IN PRESTISSIMO
Between Estremamente lento and Più veloce di presto
Fatma Bucak has chosen as the title of this exhibition a term taken from the system of musical notation, Prestissimo. It is an indication of tempo that can be performed in many different ways: extremely fast (estremamente veloce), as fast as possible (quanto più veloce possibile), very lively (molto vivo), very fast (molto presto), faster than very fast (più veloce di presto).
Her works, on the contrary, are characterized by a slowed down temporality, almost imperceptible in its flow: perhaps an Adagissimo, which in music corresponds to very slow (molto lento), extremely slow (estremamente lento), slower than slow (più lento di largo).
The acceleration to which the artist alludes is that of climatic changes and their consequences on the forms of life on earth, and of the geopolitical conflicts that dramatically amplify their impact. The slowness describes the strategy Bucak has chosen to adopt in her work, a tempo made of research and care, of compensation and transformation, of recovery – always in indirect ways – of forms, materials, and sounds that risk being obliterated or that have already been lost, and which can be saved or redeemed only if translated into different forms, materials, and sounds.
The exhibition opens with the fixed frame of Man is dead: a column in a semi-desert landscape that does not support architectural or celebratory elements, but upon which rest a fish and a stone – a silent funeral rite where inorganic material seals with its weight the flicker of the living matter and the only thing that is allowed to make a movement, albeit infinitesimal, are the leafy branches.

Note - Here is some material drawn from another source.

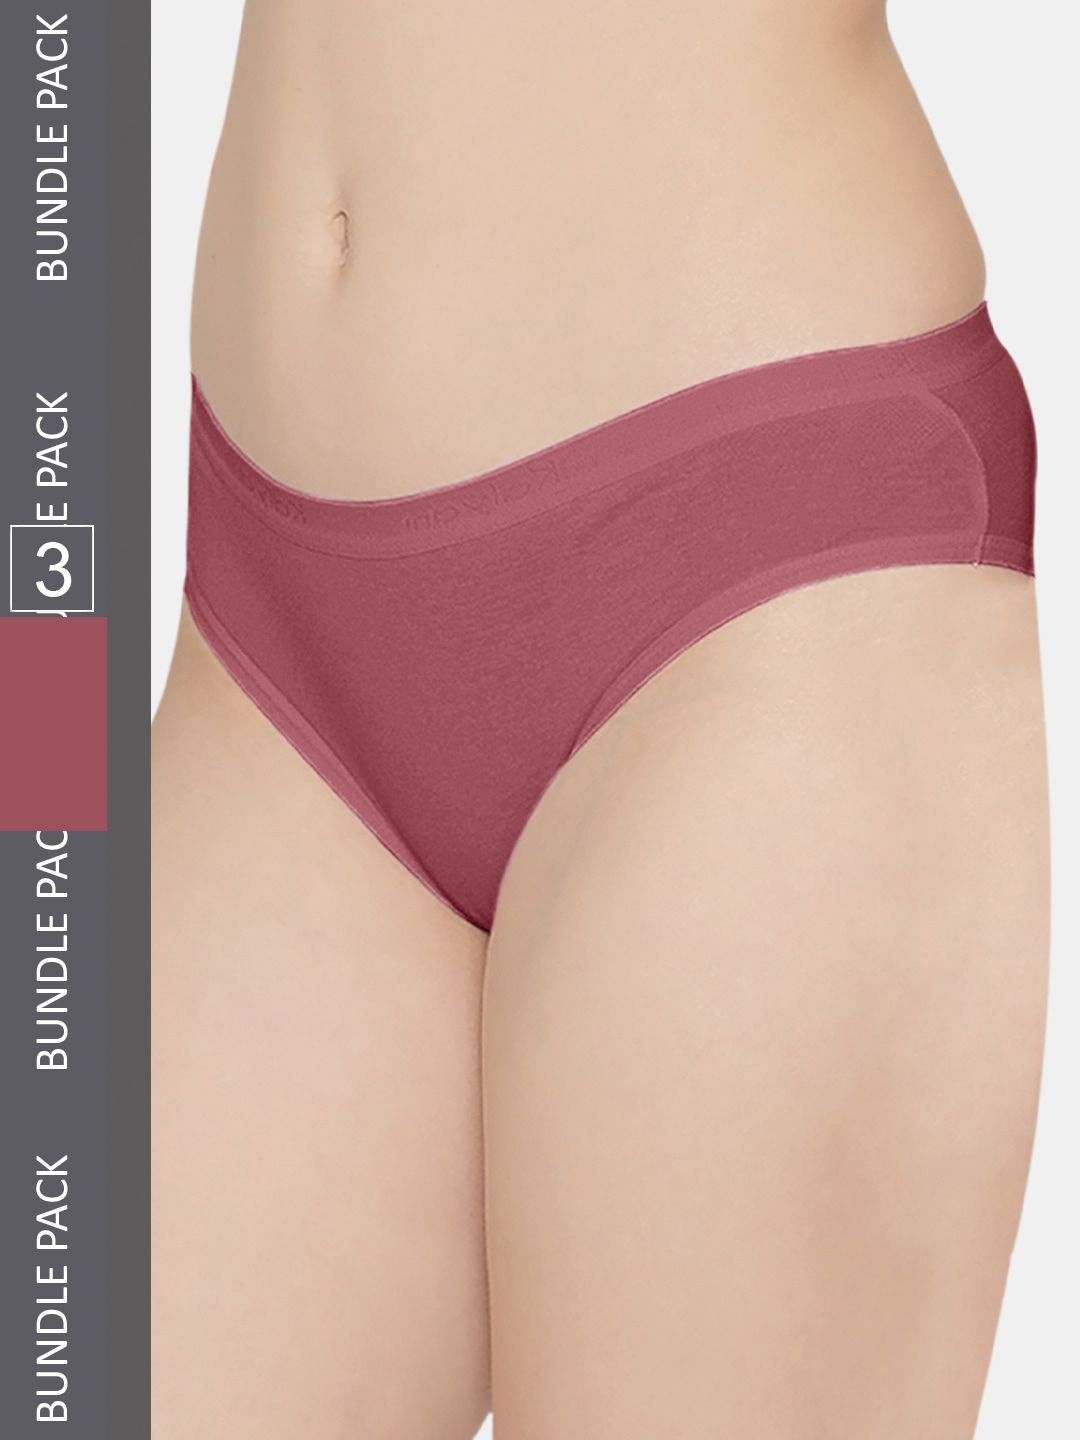 Buy MYYNTI Women's Seamless Cotton Panties Underwear Briefs Ladies

The works in the second room are the result of a stratified and complex research, which connects various disciplines, places, and times. Perpetual lure and insistent fear has its starting point between Mount Hermon and the Golan Heights, a border – and conflict – area between Israel, Lebanon and Syria, militarized since the 1967 Six-Day War and once again a theater of military clashes during the Syrian civil war. Here the Iris Hermona grows, a vulnerable and today almost unattainable species of flower, threatened both by military operations and by widespread intensive agriculture. By using photographs and drawings as a starting point, the artist created silk-screen prints on thin layers of cotton and silk paper, which, through a delicate casting process, she then modelled into tiny stones, light and mottled like the petals of the Iris. The title underlines the tension between attraction and fear, between the seductive charm of flowers, the toxicity of their roots, and the threat of their sprouting among the clods of minefields.
The Sum of the misdeeds and consents and cowardly acts project has its roots in Iraq, where many bird species are at risk of extinction. In order to fix their shape and presence, the artist looked back to the tradition of the Sumerian and Assyrian dynasties, in which zoomorphic weights were manufactured in stone or bronze in form of lions or ducks, that bore the royal seal or inscriptions in cuneiform and Phoenicians characters. She drew inspiration from a duck-shaped weight that belonged to the National Museum of Baghdad and was lost after the sacking of the museum in April 2003. Coming from the Iraqi archaeological sites of Ur and Nimrud – itself almost completely destroyed in 2015 by armed militias – those weights were not mere measuring instruments, but rather emblems of power, guarantee of the value of goods, translation devices. In this installation, the measures of each element were determined in relation to the degree of vulnerability of the genus represented, in accordance with the Red List of Threatened Species drawn up by the World Union for Conservation of Nature. The greater the weight and size, the greater the fragility of the species in question, while bronze, an emblem of power and durability, is transformed into an indicator of precariousness and imminent end.
The theme of the destructive power of fire, at the center of the installation They burned it all, is anticipated by Black Ink, a short text printed in movable type with a special ink which the artist prepared by collecting and diluting the ashes of a book printed in the Kurdish language and those of a burned down publishing house. Tautologically, what is offered for reading is precisely the recipe that led to the creation of that ink, in which we can find the material traces of individual acts of interdiction and violence. Those acts exemplify the obstacles encountered by Kurdish communities in Turkey when trying to use their language and maintain and defending their cultural identity.
They burned it all flows in the cross-reference between two videos. In the first Fatma Bucak moves on the site of one of the many fires that broke out on the shores of the Mediterranean in the course of 2021, proceeding among the ashes and trying to grasp the sound testimonies of that event from the depths of the ground: the echo of the different way in which woods, leaves, metals burn and extinguish themselves. In the other, set on the stage of a municipal theater in Istanbul, five pairs of musicians are preparing to interpret a score, but, when the singing should start, everything stops. The risk associated with pronouncing words in the Kurdish language in a public space silences the voice of the women who should sing them. Again, the only possibility that remains is to listen: segmented into syllables and repeated like a lament, the phrase “Her tişt şewitandin” (“They burned it all” in Kurdish), which the artist has often heard during her research in the region, resonates off-screen.
To the risk of cancellation – of species, places, cultures – driven by acquisitive political power and economic forces, Fatma Bucak's work opposes not simple testimonies, but complex forms of mending, compensation, translation, capable of redeeming the loss in reinvention.